El espacio mismo de la iglesia no es nada especial, lleno de sillas plegables y un sistema de sonido que suena peor que los vagones de metro de la MTA. Excepto por algunas imágenes de paisajes y textos de la Biblia, las paredes están casi desnudas. En el sitio hay dos banderas, la Old Glory y la bandera de Puerto Rico. Están una al lado de la otra, con algunas flores de plástico como decoración en el centro de la plataforma.
Ver a Maritza hablando con Papelito momentos antes de que se inicie el servicio sólo me hace sentir avergonzado. Por más que Maritza me haya puesto apodos y se haya metido conmigo, la verdad es que nunca hizo nada para herirme a mí o a mi familia.
“Mi amor, que agradable sorpresa, qué estás haciendo por aquí.” Papelito me abraza sin fuerza.
“Que pasa Papelito,” y entonces señalo a Maritza, “me debes plata. No le estás pagando a Trompo.”
Maritza no lo puede creer. Me mira como si acabara de decirle que se muriera.
“Estamos en la iglesia, Julio,” dice, llevándose las manos a los labios, con su bata de ministro, lista y preparándose para subir al púlpito. “Hablamos de eso más tarde.”
“No me salgas con eso. Por favor, yo sé lo que es una iglesia. Esto no es una iglesia.”
Maritza tuerce los ojos. Le echo una rápida mirada a sus pechos, que, a pesar de la holgada bata, llaman la atención.
“Julio,” Papelito me golpea la mano suavemente, “eso no es amable, cara de chulo.”
“Lo siento Papelito, pero sabes, estoy en la ruina,” digo.

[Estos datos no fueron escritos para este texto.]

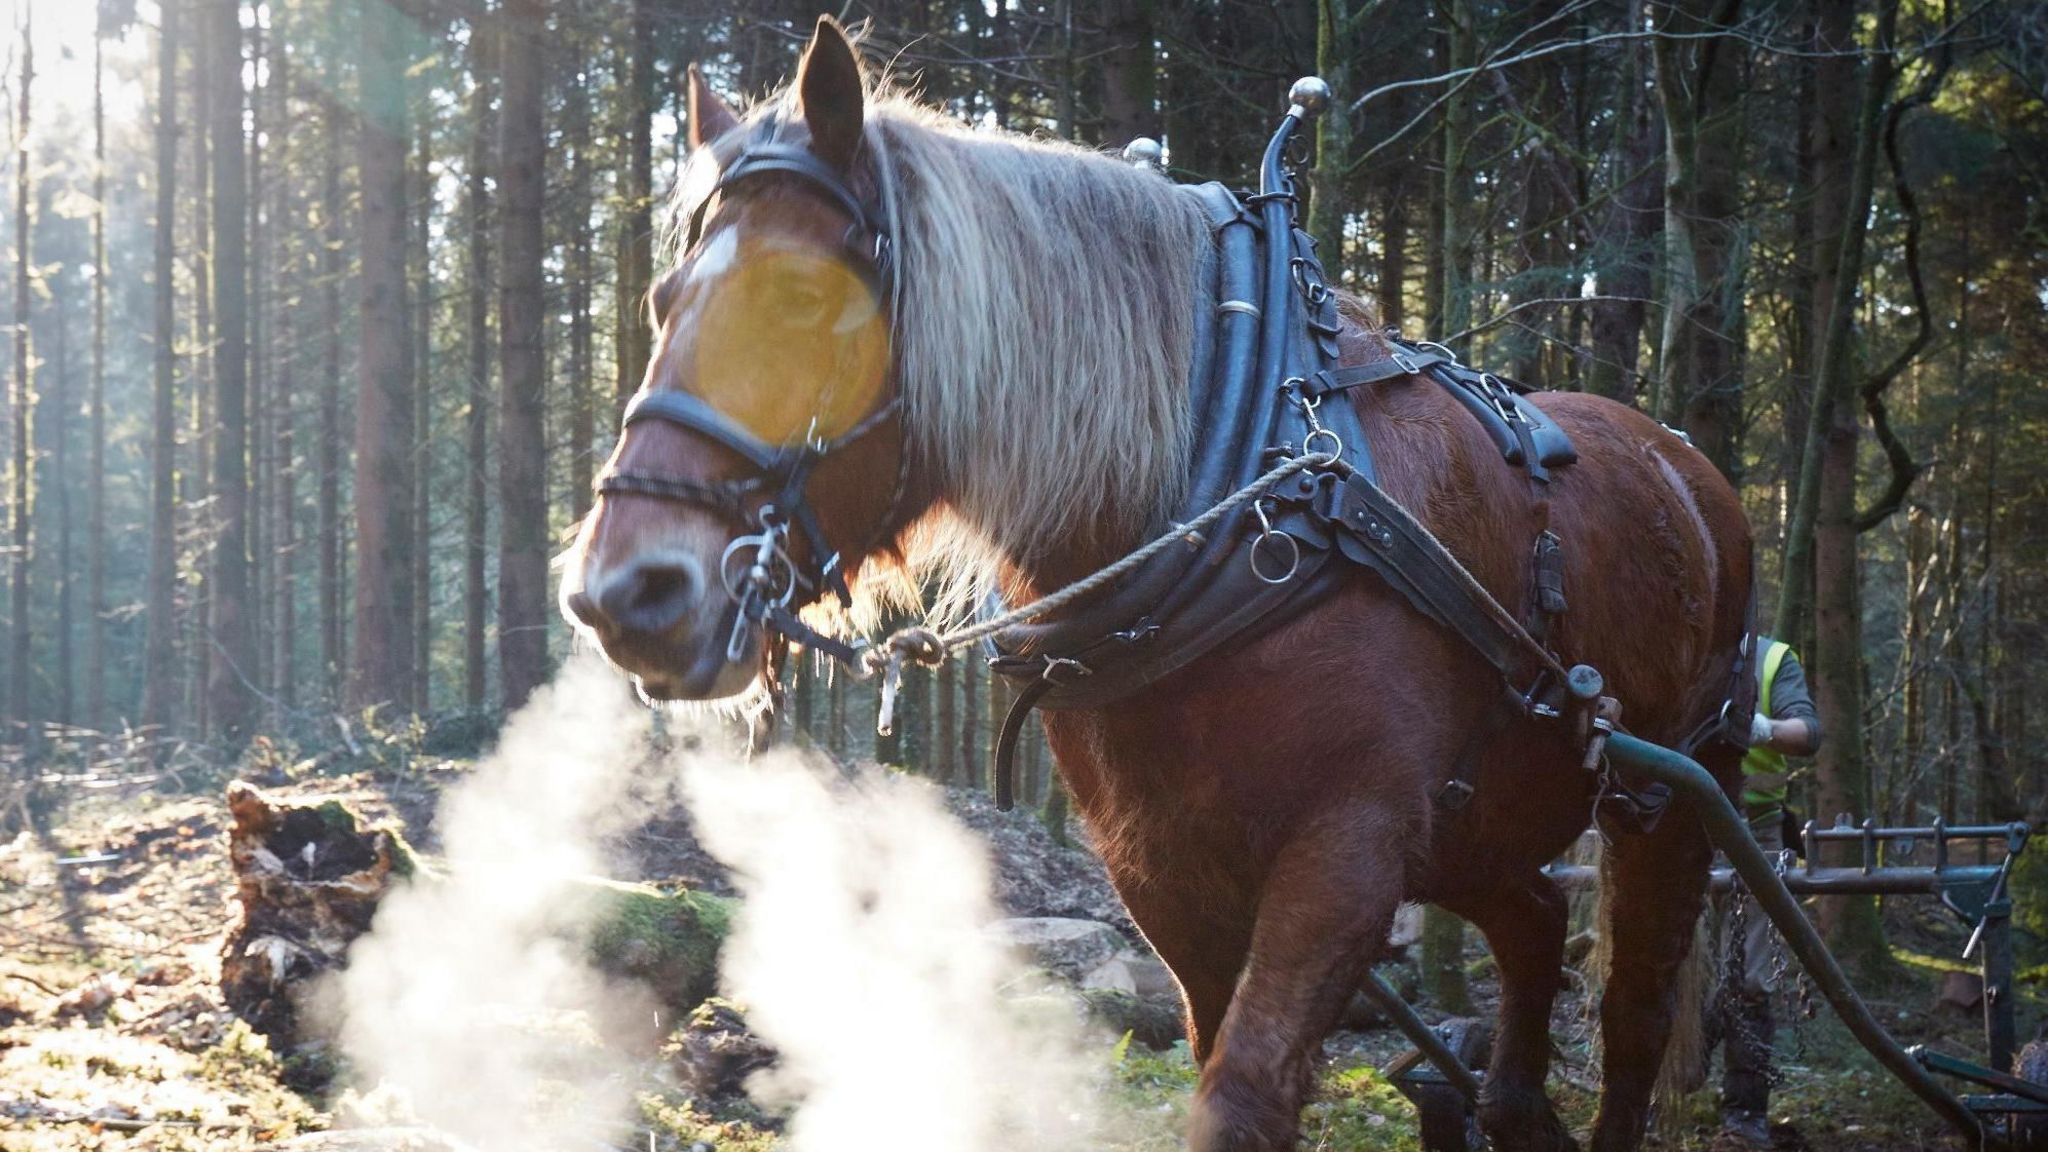 Horse in a forest breathing steam as it drags trees

“Un hijo de Changó arruinado, ¿qué más hay de nuevo?” dice, arreglándome el cuello de la camisa.
“Déjame,” le digo cuando Papelito empieza a ajustarme mejor la camisa.
“Mira papi, es por tu propio bien. Hay muchas hermanas solteras aquí, hay que verse bien, papi, verse bien.”

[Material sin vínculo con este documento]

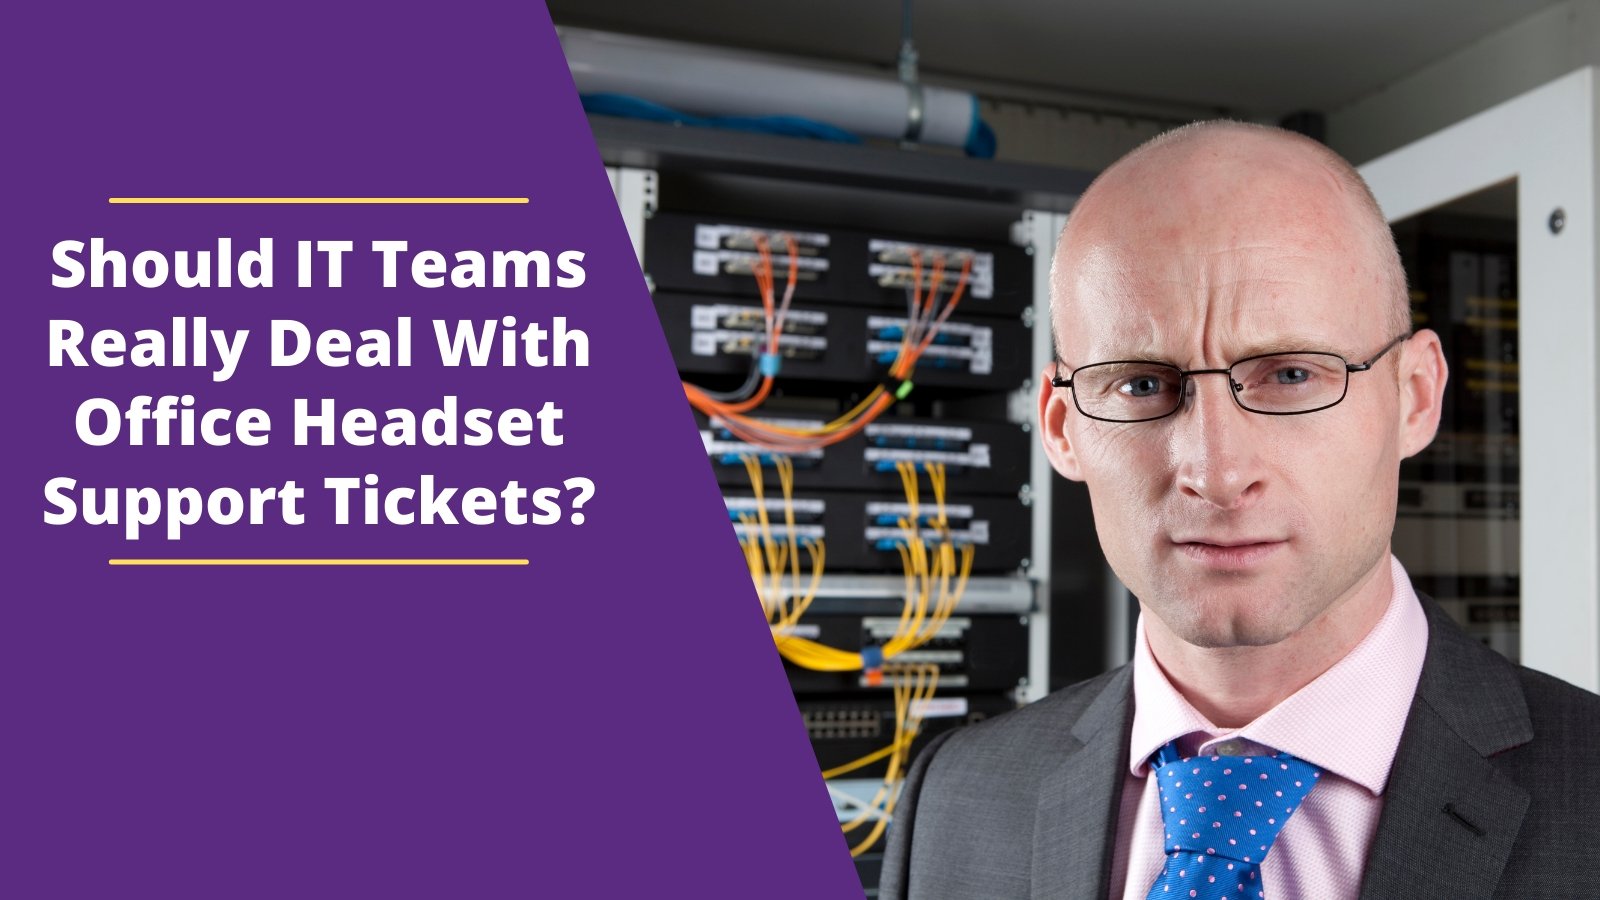 Should IT Teams Really Deal With Office Headset Support Tickets? - Headset Advisor

Antonio entra. Lo veo mirar alrededor y muchos de los que están en la iglesia lo saludan. Debe venir regularmente. Sé que Maritza y él tienen algo, pero nunca hubiera creído que una iglesia como ésta lo pudiera atraer. A pesar de su infidelidad, Antonio parece un tipo chapado a la antigua. Del tipo que uno ve en esas viejas películas hispanas en blanco y negro, donde los campesinos son tan tontos que le dan todos los pesos que se han ganado con esfuerzo a la iglesia, mientras se mueren de hambre.
Trompo y Pacheco encienden la música. Todo el mundo busca asiento.
“¿Te quedas feo?” me susurra Papelito.
“Tal vez me quede un rato,” le contesto también en voz baja, pues la gente se prepara para empezar a cantar. Maritza se dirige al púlpito. “Novecientos dólares es mucha plata, Papelito. Y ella no le ha pagado a Trompo Loco, como dijo que lo haría.” No tengo otra excusa legítima para quedarme ahí. La verdad, me siento avergonzado.
Papelito me deja para ir a saludar a tres mujeres gordas.
“Nenas, se ven muy bien. ¿Qué ha estado haciendo?” escucho que les dice.
Entonces comienza la música y la gente empieza a cantar y me encanta. A pesar de que no me encuentro ahí para rezar, nunca voy a rezar de nuevo, escuchar y encontrarme entre estas familias me transmiten una sensación buena y cálida. Pues cuando uno ha sido criado en la creencia de Dios, alguien que lo ama y lo cuida a uno, el sueño que en realidad Él existe permanece con uno. Y cuando uno escucha los cantos evangélicos, o cualquier otra cosa que despierta esos recuerdos juveniles de cuando Él era real tanto para uno como para los papás, se llena uno de felicidad. Estoy feliz de encontrarme aquí, de escuchar a toda esta gente cantar y alabar al Señor. Por poco me suben lágrimas a los ojos cuando me dejo llevar a esos años de infancia cuando me decían que la tierra sería un paraíso y yo podía jugar con animalitos. Aquellos años devotos cuando mis padres eran jóvenes, en su máximo esplendor, y cantaban a Dios y a los ángeles por la luzy el fuego. Cuando terminan los cantos, escucho algunas toses y recuerdo de pronto las verdaderas razones por las que me encuentro aquí. Dios no tiene nada que ver con esto.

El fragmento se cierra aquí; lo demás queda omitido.